В углу, среди кучек табачной золы, возвышалась пирамида чубуков и изломанных рапир. На самом почетном месте висело ружье с патронташем и прочим охотничьим снарядом, а под этим трофеем, на дырявом диване, спала мохнатая собака, свернувшись кольцом.
— Вы меня извините, — учтиво продолжал Прутков, — что я вас здесь принимаю. Эта квартира еще не отделана, да и мала для меня. Я намерен на днях переехать к Леграну. Знаете, там отдается верхний этаж, а здесь, видите сами, высоко и низко. Да, как нарочно, все люди мои разошлись, не успели еще ничего убрать.
Эй вы, Федор, Сидор, Иван, — начал он кричать, — где вы, мошенники?.. Куда спрятались? Это удивительное дело, как нарочно никого нет! Садитесь, пожалуйста, на другой стул, этот, кажется, не очень надежен.
— Не извольте беспокоиться, — отвечал Иван Афанасьевич, осматривая с опасением свой стул и пересаживаясь на другой, не более надежный.

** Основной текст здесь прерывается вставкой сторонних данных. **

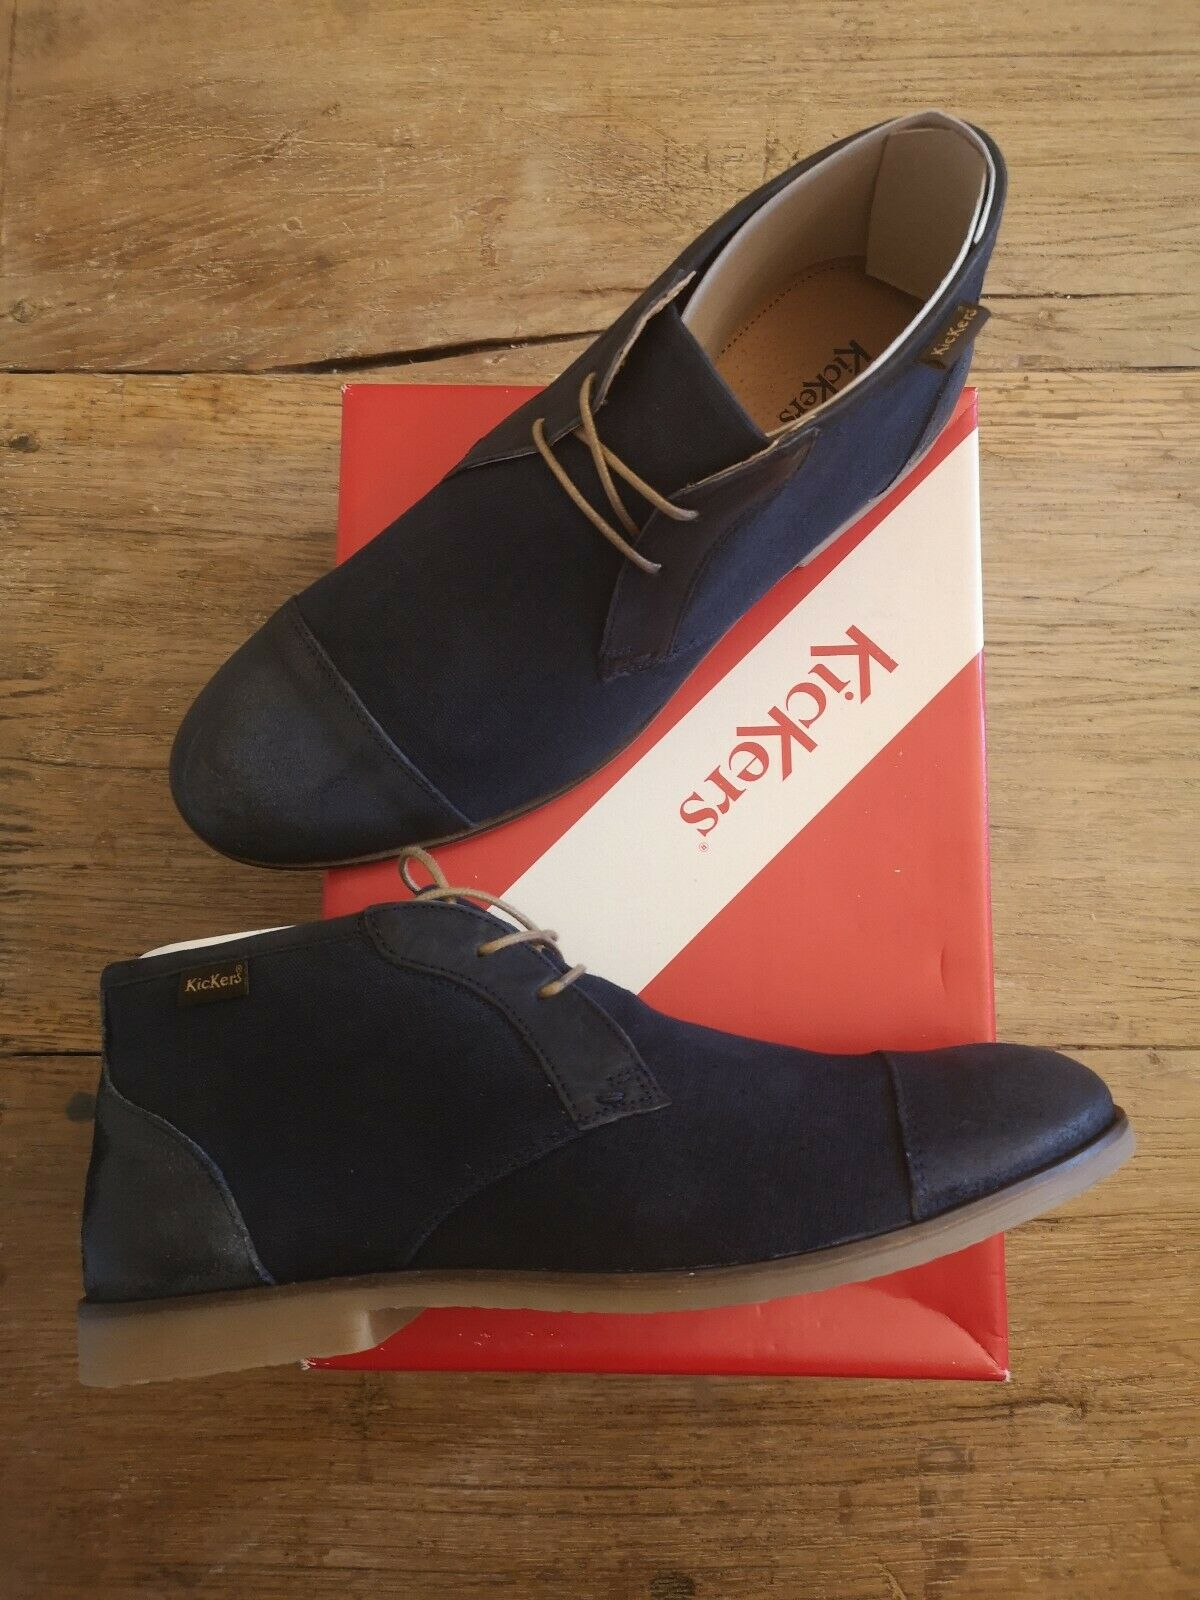 e5ae7e66071036 Chaussures Flagiansar Kickers, Bottines Classiques Homme T 43 ...

— Нет, нет… сделайте одолжение. Мне, право, совестно, что вы меня так застали. Вчера я одолжал свою комнату товарищам — и вот как они мне ее отделали. Да вы сами знаете, — продолжал он, улыбаясь, — люди молодые…

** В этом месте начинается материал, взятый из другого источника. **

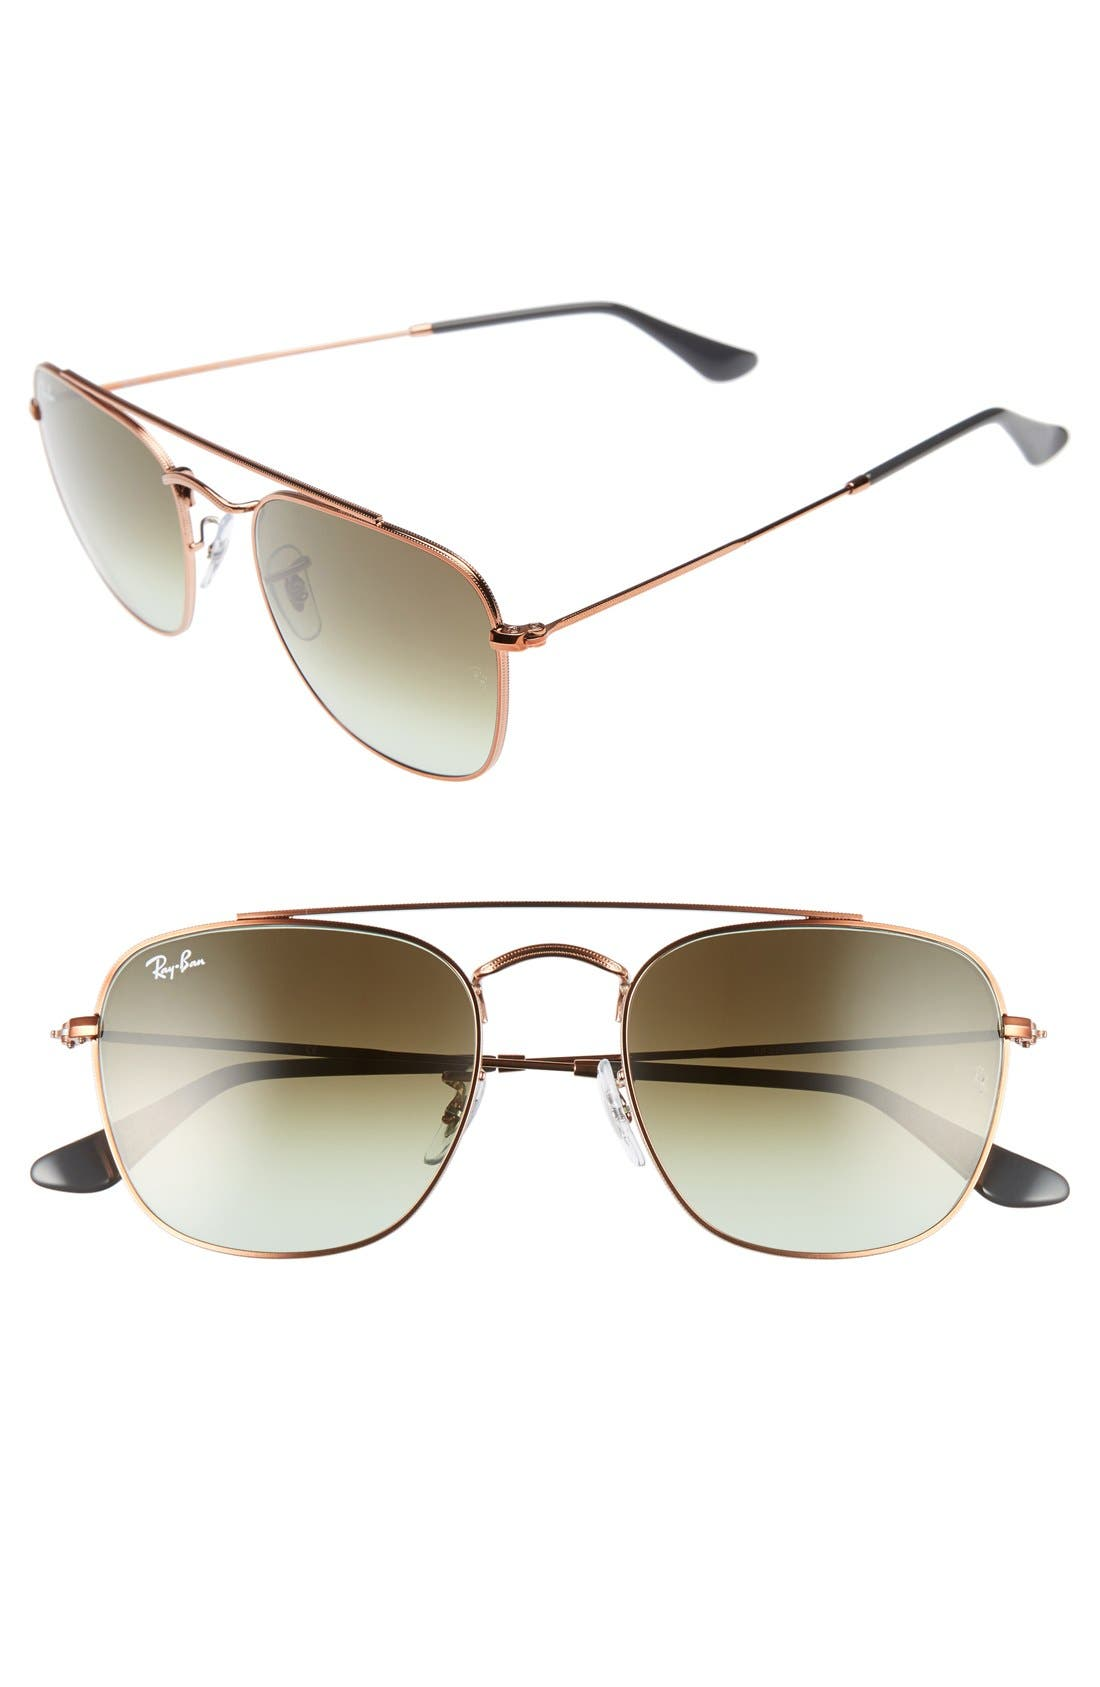 Main Image - Ray-Ban Icons 54mm Aviator Sunglasses

— Конечно-с… Молодость… Оно хорошее дело. Только, коли смею доложить, не всякое же дело и годится для молодости. Кто молод не бывал! Вот и я был молод-с. Только не все же и годится. Пошутить, кажется, можно… для чего же нет? Только честных барышень, дворянок, так сказать, штаб-офицерских дочерей заманивать записочками, позвольте вам доложить, не хорошо-с, право не хорошо-с!..
Эти слова выговорил Иван Афанасьевич с необыкновенной твердостью.
Молодой человек закусил губы.
— Я не понимаю, — вымолвил он, — что вам угодно.
— Мне угодно, чтоб вы дочь мою оставили в покое.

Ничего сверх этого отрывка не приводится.